What is expected:
When you copy the material below, keep every line exact and drop the pictures.

Information provided section start

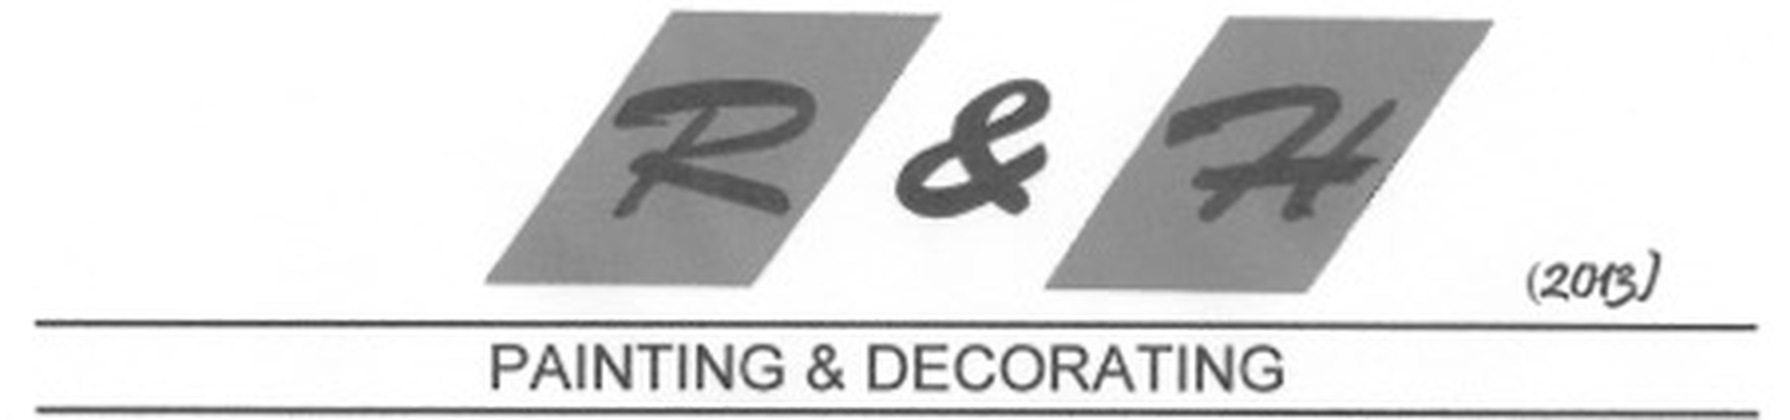 R&H (2013) Painting & Decorating Ltd.
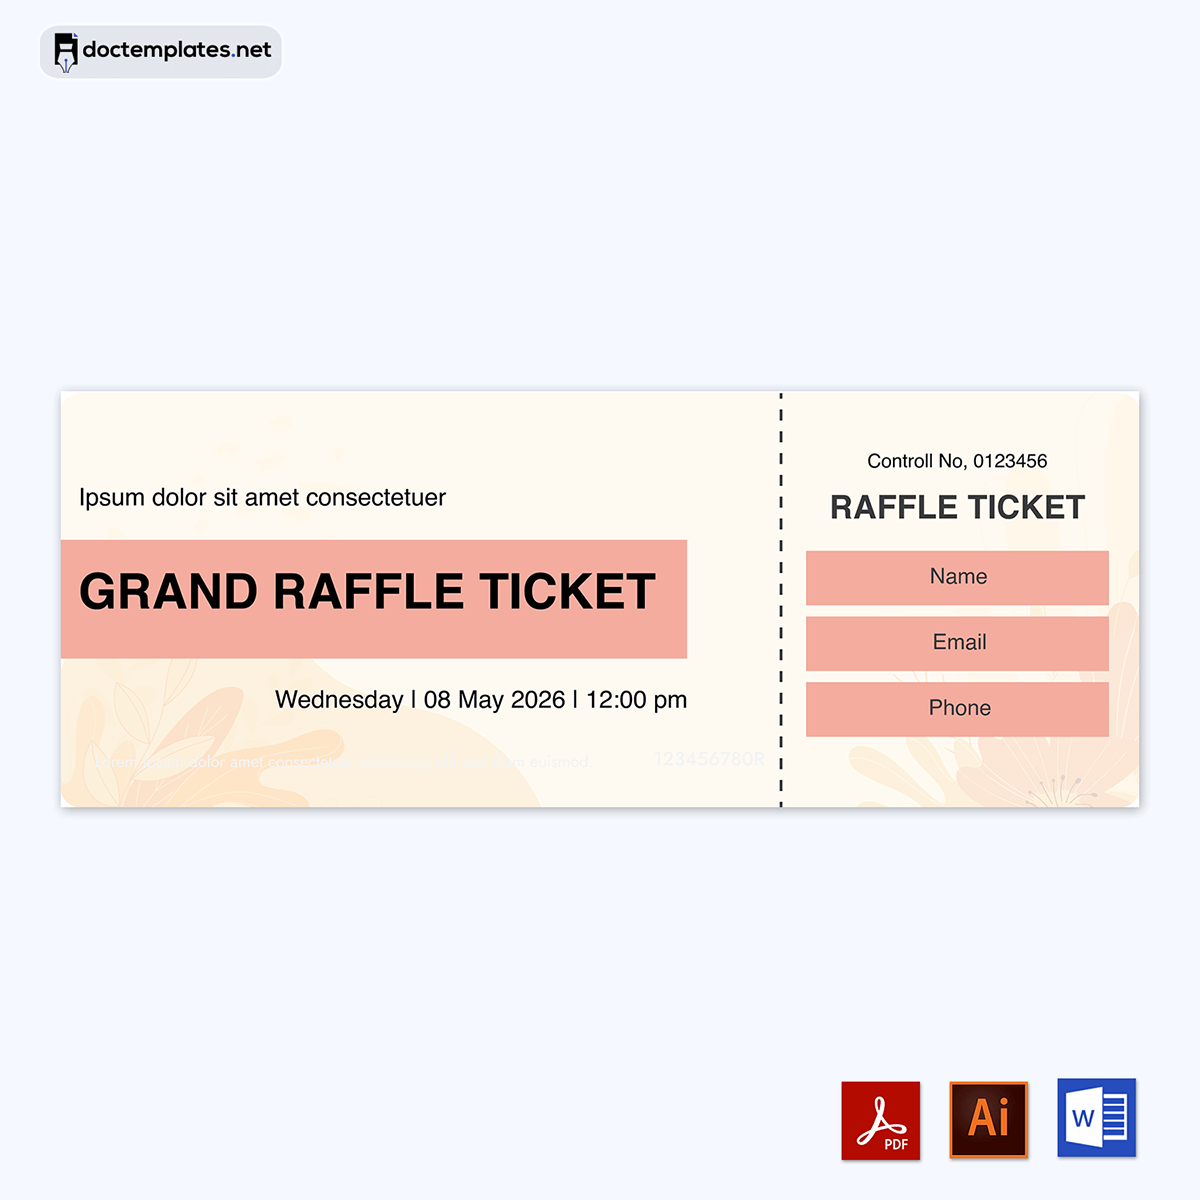 Image of Simple raffle ticket template
Simple raffle ticket template

Information provided section end

Finished exercise:
 R&H (2013) Painting & Decorating Ltd.
 Image of Simple raffle ticket template
Simple raffle ticket template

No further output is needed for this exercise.